The state Supreme Court issued its Harper II ruling more than one month after the November general election, and just two weeks before two new Republican justices replaced Democrats on the court. The state Supreme Court now has a 5-2 Republican majority.

“Legislative Defendants are seeking reversal of two decisions they disagree with, Harper I and Harper II, based on one factor alone: their perception that a change in composition of this Court might allow for a different result,” wrote attorney Hilary Klein of the Southern Coalition for Social Justice. Klein helps represents plaintiffs in the Harper case.

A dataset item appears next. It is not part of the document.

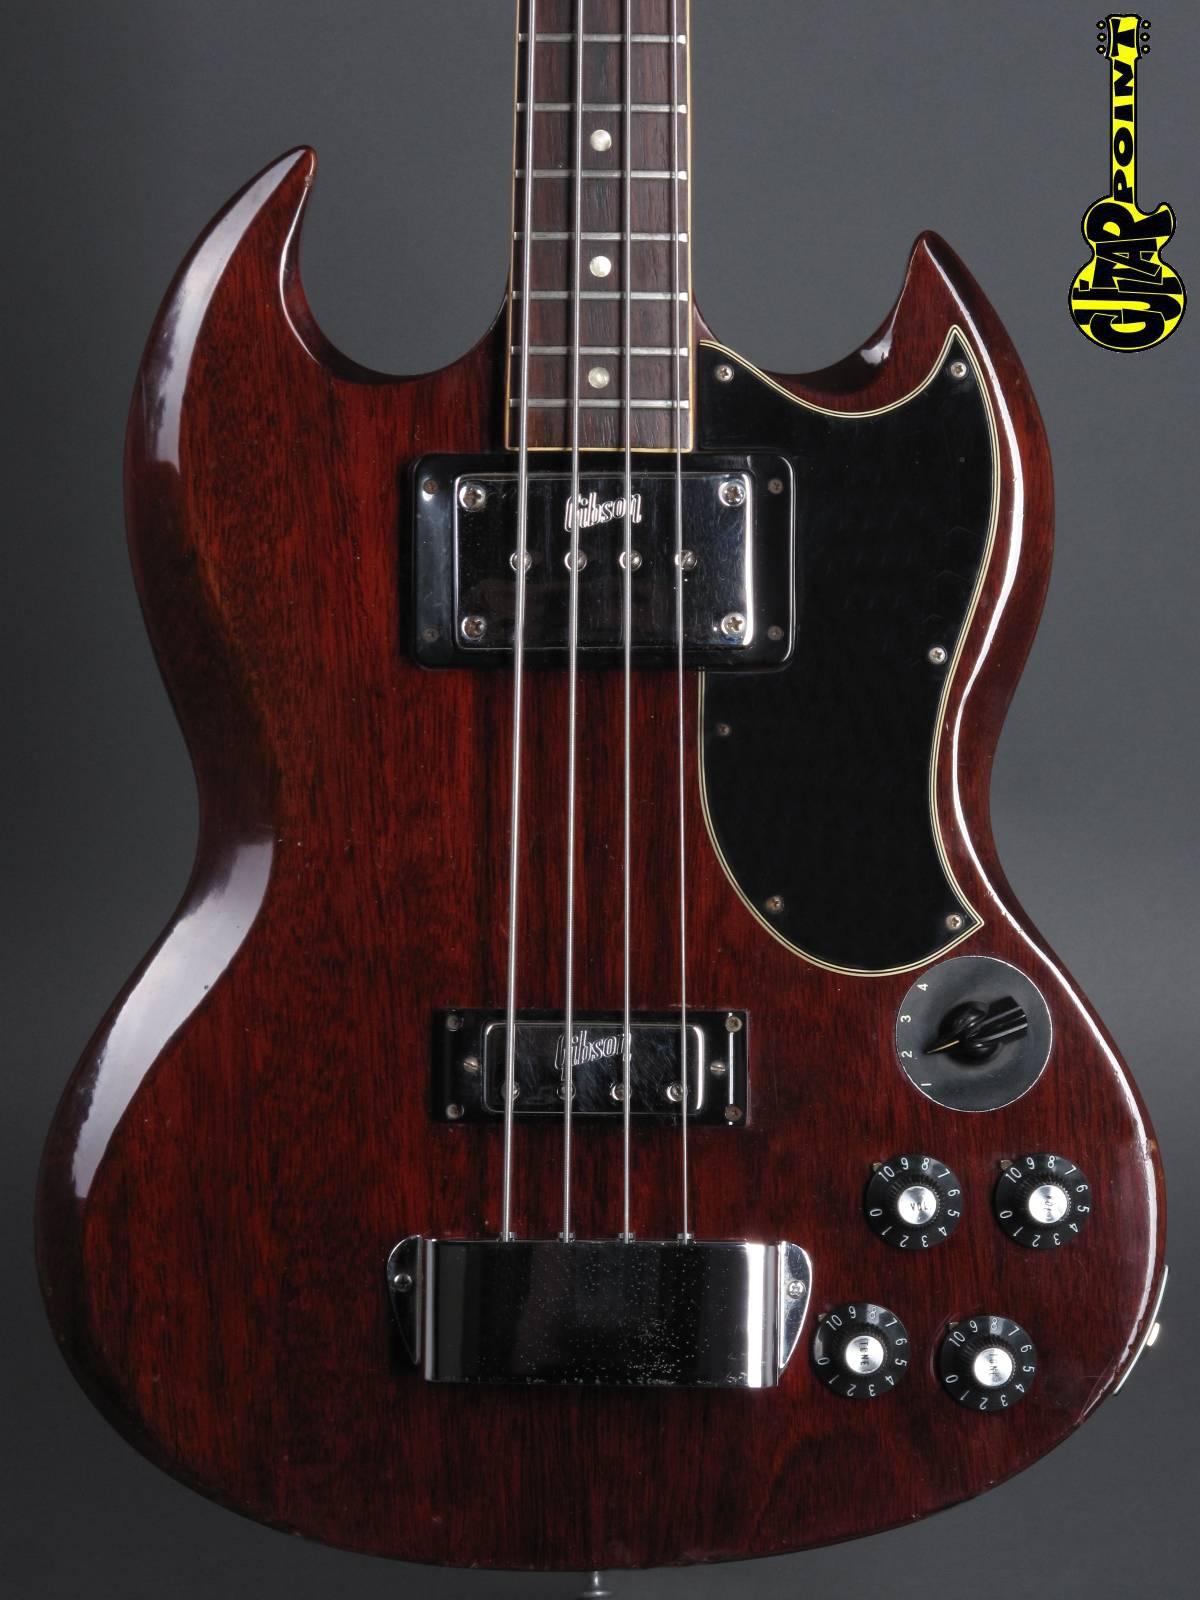 1972 Gibson EB-3 Bass - Cherry (open headstock!)
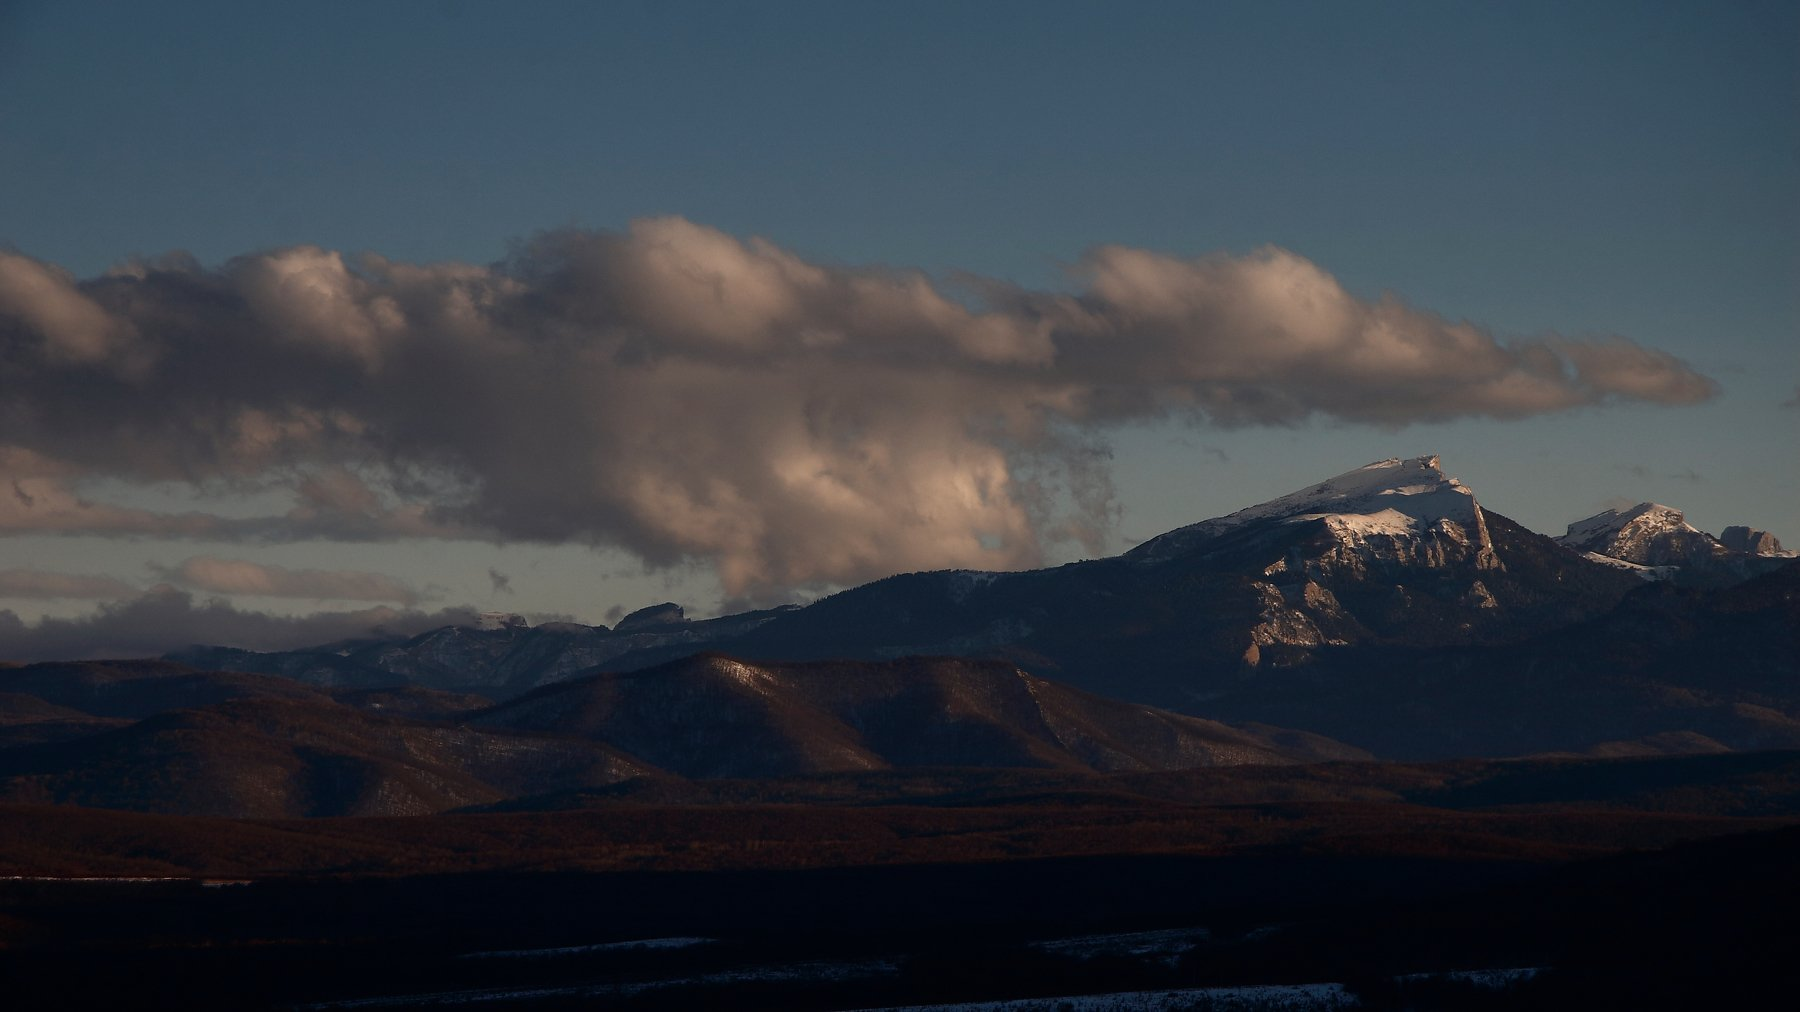 лагонаки, лагонакское, нагорье, плато, западный, кавказ, горы, Евгений Карпенко

“By Legislative Defendant [Tim] Moore’s own admission, rehearing is needed because ‘[t]he people of North Carolina sent a message election day’ rejecting the decisions of the ‘outgoing majority.’ But the interpretation of our state’s constitution does not and should not oscillate with the changing composition of the Court,” Klein wrote. “The Petition is therefore motivated by improper purpose and grossly lacking in the requirements of propriety.”

“The Petition also lacks any foundation in fact or law,” Klein added. “The request to essentially rehear the February 2022 decision Harper I — couched as a request to ‘overrule’  the decision — is plainly untimely and procedurally improper. Legislative Defendants have also failed to identify any point of fact or law overlooked or misapprehended by this Court in its prior decisions.”

The Common Cause motion arrived 10 days after lawmakers requested hearings in both the Harper v. Hall case and Holmes v. Moore. In the latter case, the outgoing Supreme Court’s 4-3 Democratic majority struck down North Carolina’s 2018 voter ID law.

In seeking the Harper rehearing, legislators’ lawyers reminded the new Supreme Court that its predecessors had struck down the congressional and state Senate maps, yet upheld a state House map, despite all three maps following the same guidance from Harper I. The first Harper opinion had invented a new state constitutional prohibition on partisan gerrymandering of election districts.

“That result is simply perplexing,” attorney Phillip Strach wrote. “Only the four members of the Harper II majority can or will know a gerrymander when they see it; everyone else must await their Delphic pronouncement.”

“The Harper experiment has failed, and it is time for this Court to recognize that, correct its errors, and return to the Constitution and this State’s traditional modes of interpretation,” Strach wrote. “This rehearing Petition gives this Court a much needed opportunity to address the root of the problem: Harper I was based on profoundly flawed legal principles. This Court should withdraw its Harper II opinion, and it should overrule Harper I. This Court should also declare that the General Assembly is now able to exercise its redistricting power unencumbered by the Harper Court’s shortsighted judicial takeover.”

The state Supreme Court has until late February to make a decision about the requested rehearings.